Kamarku masih sama seperti saat aku tinggalkan. Rapi. Bi Inay tiap hari membersihkan walaupun rasanya tidak ada yang perlu.dibersihkan.
"Nanti malam ada rapat di rumah tahfidz, Andini mau hadir?". Bapak menawarkan.
"Iya Pak, mau". Aku antusias menyambut.
"Rapat di mana.Pak?". Aku bertanya.
"Di rumah kita, biar nyaman dan mama ingin sekedar syukuran".
"Syukuran apa Pak?".
"Hari ulang tahun pernikahan kami".
"Ya Allaah, Bapak, maaf Andin lupa, maaf Andin ga sempet beliin kado".

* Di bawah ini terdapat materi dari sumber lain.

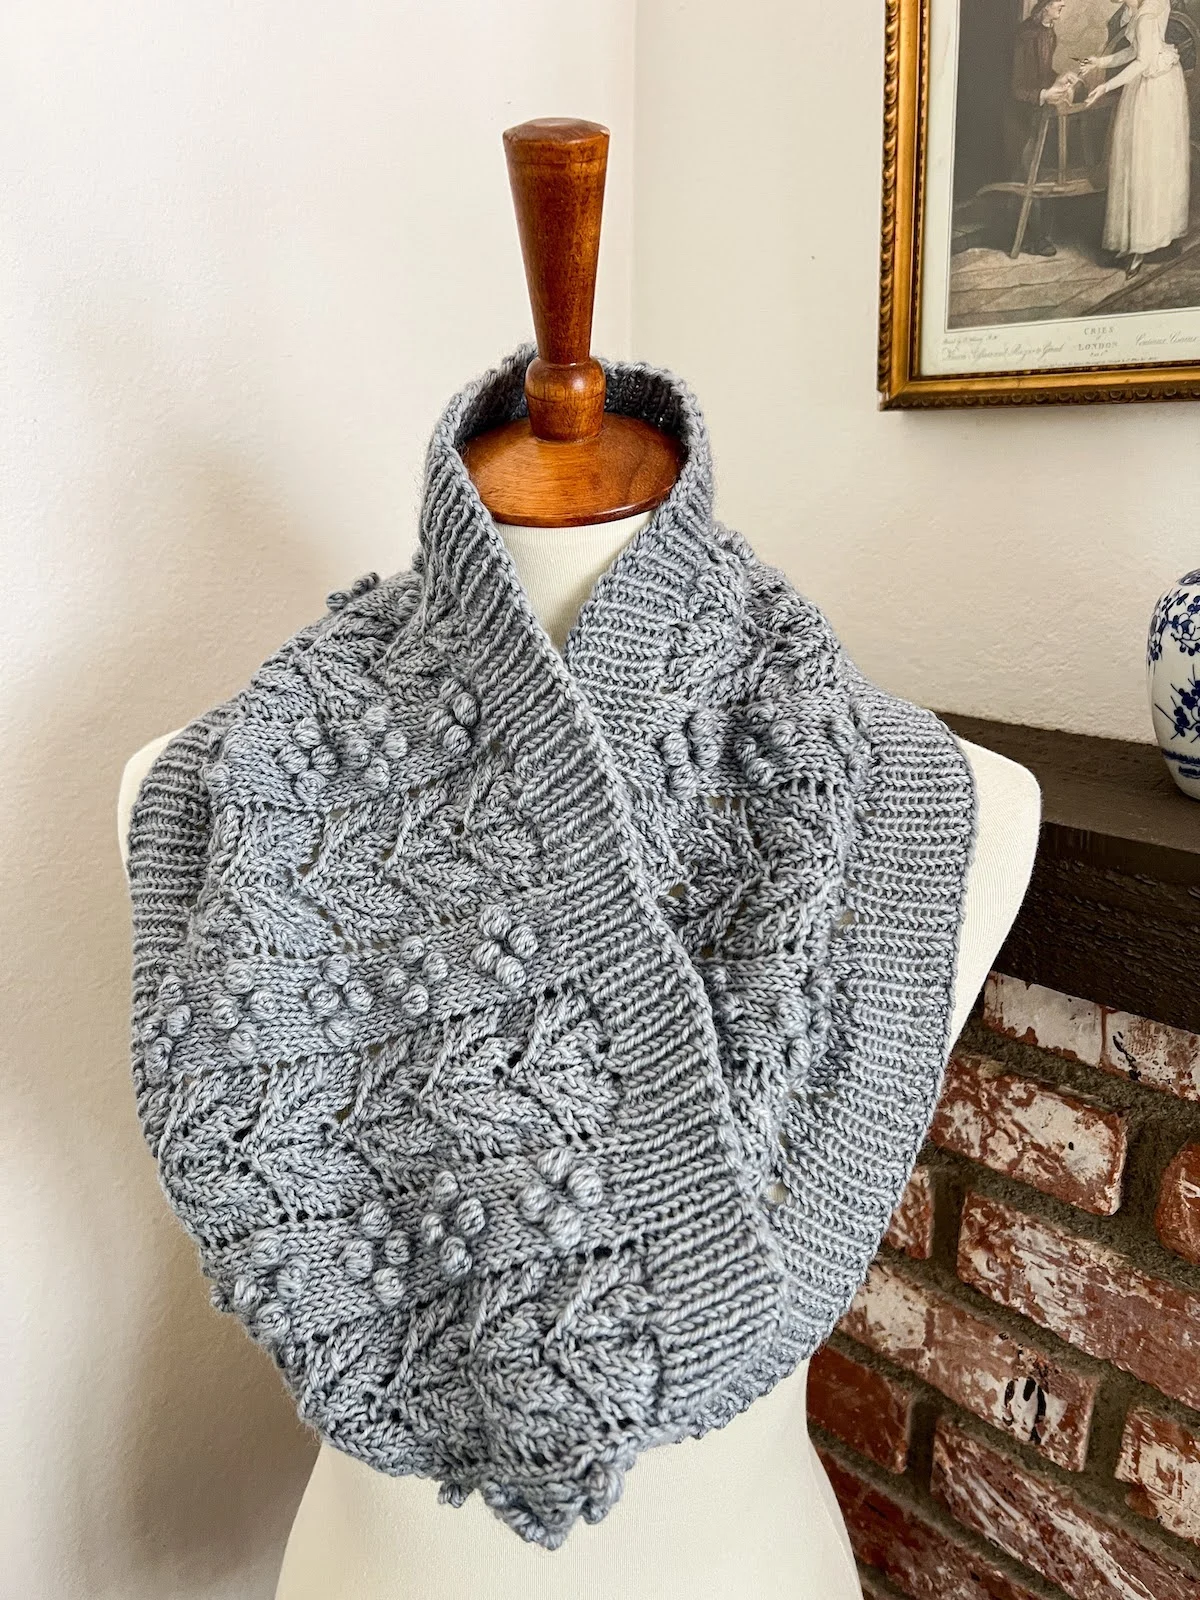 A light blue wool cowl is draped around the neck and shoulders of a dressmaker's form. The cowl features alternating columns of bobbles and lacy leaves, with 1x1 ribbing along the top and bottom for stability.

"Gapapa, hafalanmu, in syaa Allah jadi kado untuk kami". Bapak tersenyum.
Aku memeluk bapak.
Aku bersyukur, sejak menjadi pembina yayasan rumah tahfidz, bapak banyak berubah menjadi lebih baik.
Selepas maghrib, Nura datang bersama Mukhlis. Wajahnya sudah tidak sepucat dulu. Mungkin tubuhnya sudah bisa menyesuaikan dengan kehadiran janin di perutnya.
Tak lama kemudian, Hamdi dan Hamid datang.
Mama menyajikan makan pembuka. Buah dan aneka kue.
"Gimana, Andini, betah ga di sana?". Hamid bertanya.
"Betah kak, alhamdulillah". Aku menjawab.
"Ada berapa orang pesertanya". Giliran Hamdi bertanya.
"Lima belas orang". Jawabku.
"Ntar kapan-kapan nengok ke.sana boleh ya?". Hamdi bertanya.
"Nengok? Mau apa nengok?". Nura bertanya. Pertanyaan yang tendensius.
"Siapa tahu salah satu temen Andini yang di sana adalah jodohku". Hamdi menjawab. Aku kira dia.bercanda.
"Laah, Ratna mau dikemanain, kak?". Nura nampak agak sewot.
"Mau dijadikan yang kesatu". Hamdi tertawa. Mukhlis tersenyum. Sesama lelaki mungkin begitu. Tapi aku melihat raut muka yang menunjukkan rasa tak.suka di wajah Nura. Juga di wajah Hamid. Entahlah.